The harm that the misuse of AI/ML can have is obvious, from the ProPublica Recidivism piece from 2016 to the latest discovery of bias in facial recognition classifiers by Joy Buolamwini.

Mike Kiser, Senior Identity Strategist, SailPoint

Show Transcript

In late 2017, Tara Simmonds stood before the Washington state Supreme court and asked them to allow her to become a lawyer. She was an ex drug addict, the daughter of ex addicts herself, and she had been convicted and sentenced to number of years in jail in the United States. After that, however, she went to law school recovered her, her footing. If you will graduated at the top of her law school, but the Washington state law board denied her the right to become a lawyer.

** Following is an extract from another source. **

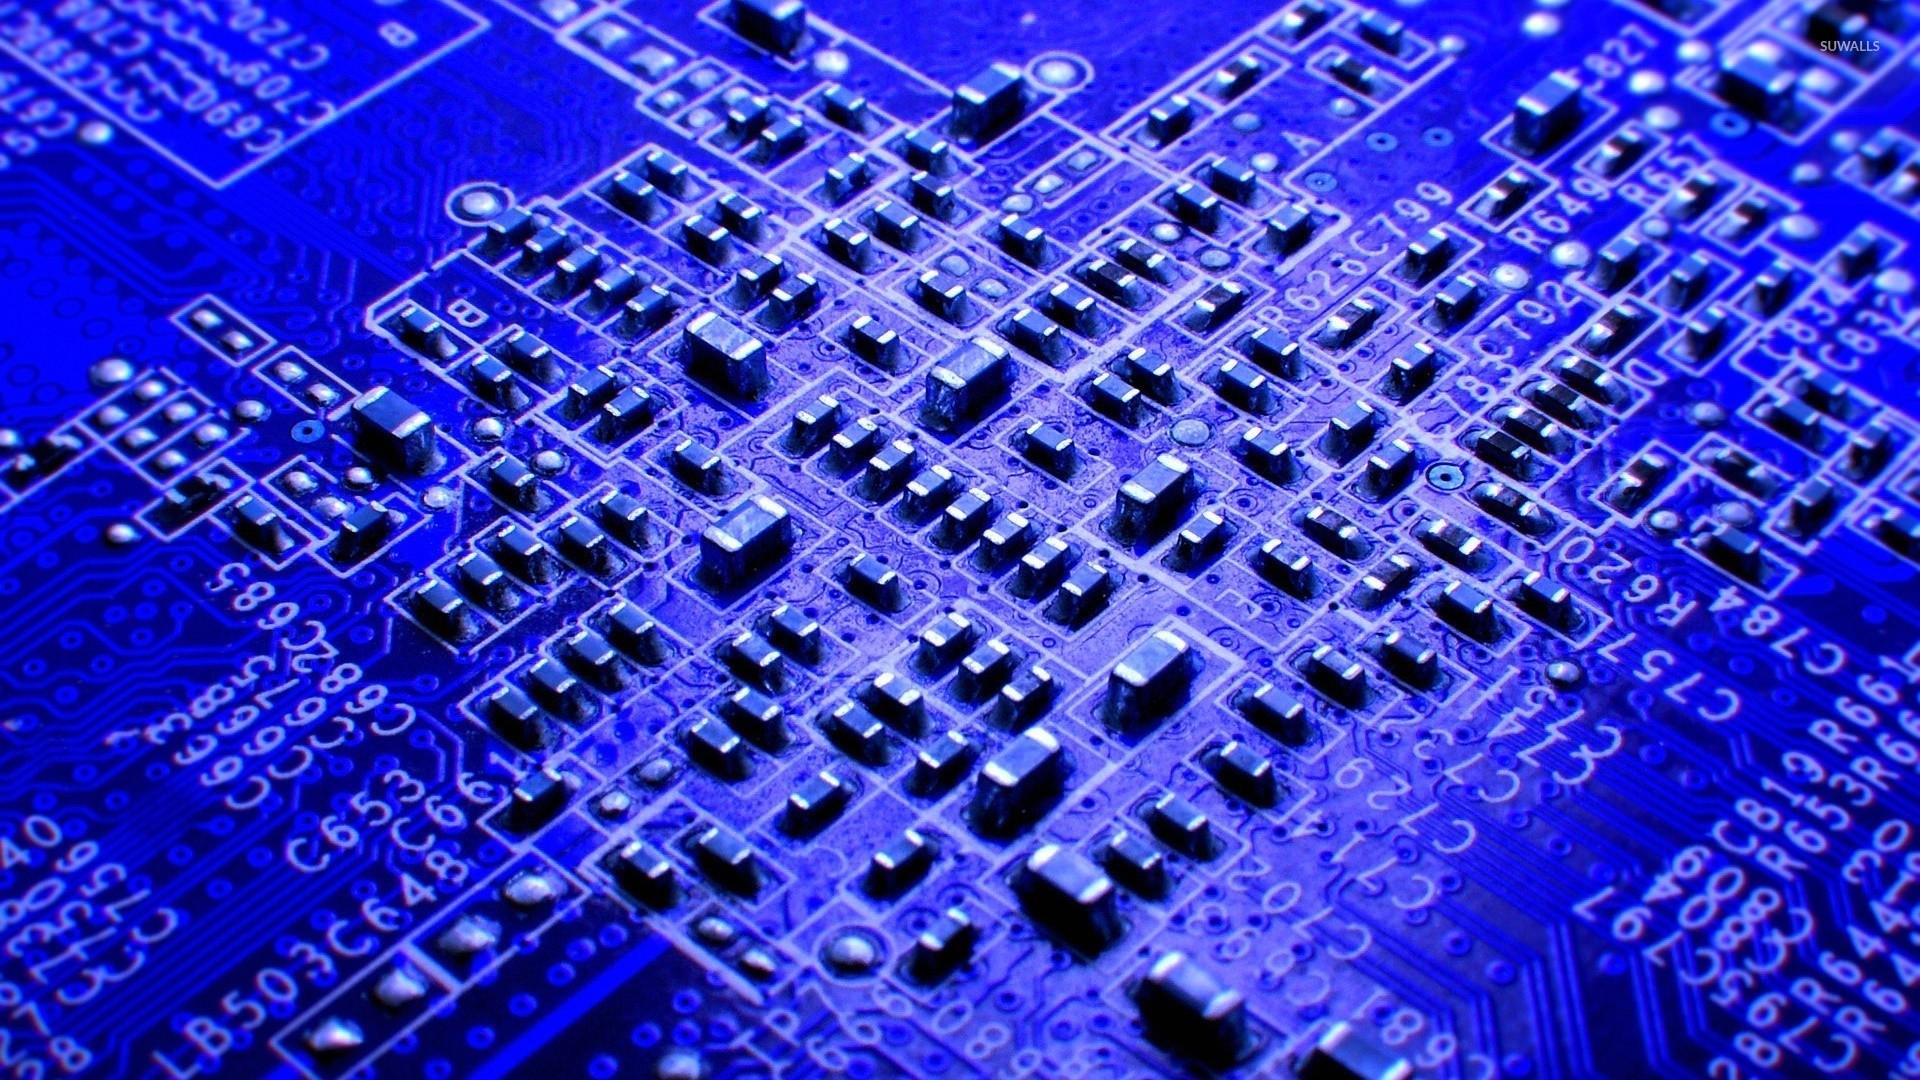 Circuit Board HD Wallpaper

They said, no, no, no, no. Your past is too dangerous. You might be the old Tara. There's a new Tara, but they decided that her past determined her future and the law review board didn't want her to become a lawyer. So she stood there and asked them the Supreme court to overrule basically her case resided on her past determining her future. Right. And that's nothing new for those of us in this room. Algorithms predict, use our past to predict our future all the time, right?

Whether it's what we're going to watch next on our streaming device, or if we're going to be financially solvent in the near to long term future, or even if we are likely or not to commit a crime. But as a previous speaker alluded to, we've all seen the danger inherent in using some of these algorithms to determine our future based on our past. Sometimes they get it wrong and sometimes they cause quite a bit of harm. So taking an ethical approach to AI, just like we just heard is essential. If we're going to use this for our benefit and avoid doing harm as much as possible.

Now, when we talk about AI, it's really important at the very beginning to draw that connection from just magic AI and machine learning to identity, which is what we're here this week, right? If we define identity as kind of three areas, attributes or characteristics about that identity, the access that identity has and then the activity or the behavior that identity has, whether it's working from particular locations or using that access.

Well, that's all the data that AI and ML is drawing from in the identity arena, right? So if we're talking about identity, what we're actually talking about is algorithms. So anytime you hear someone making decisions about people based off of algorithms, you should immediately be thinking they're using AI and machine learning to make decisions based off identity and identity attributes and, and data, which would therefore definitely concern us.

There is a much longer discussion about building ethical frameworks from defining harm all the way down to even user data rights and using standards to protect privacy and things like that. Given our time today, I just want to focus on two specific areas of these frameworks, transparency and fairness. Now the level set, let's talk about transparency first and transparency can have meaning on a couple of different levels. Part of it is that since these algorithms learn on their own, we're not telling them how to learn. Sometimes it's really unclear why they're making decisions they're making.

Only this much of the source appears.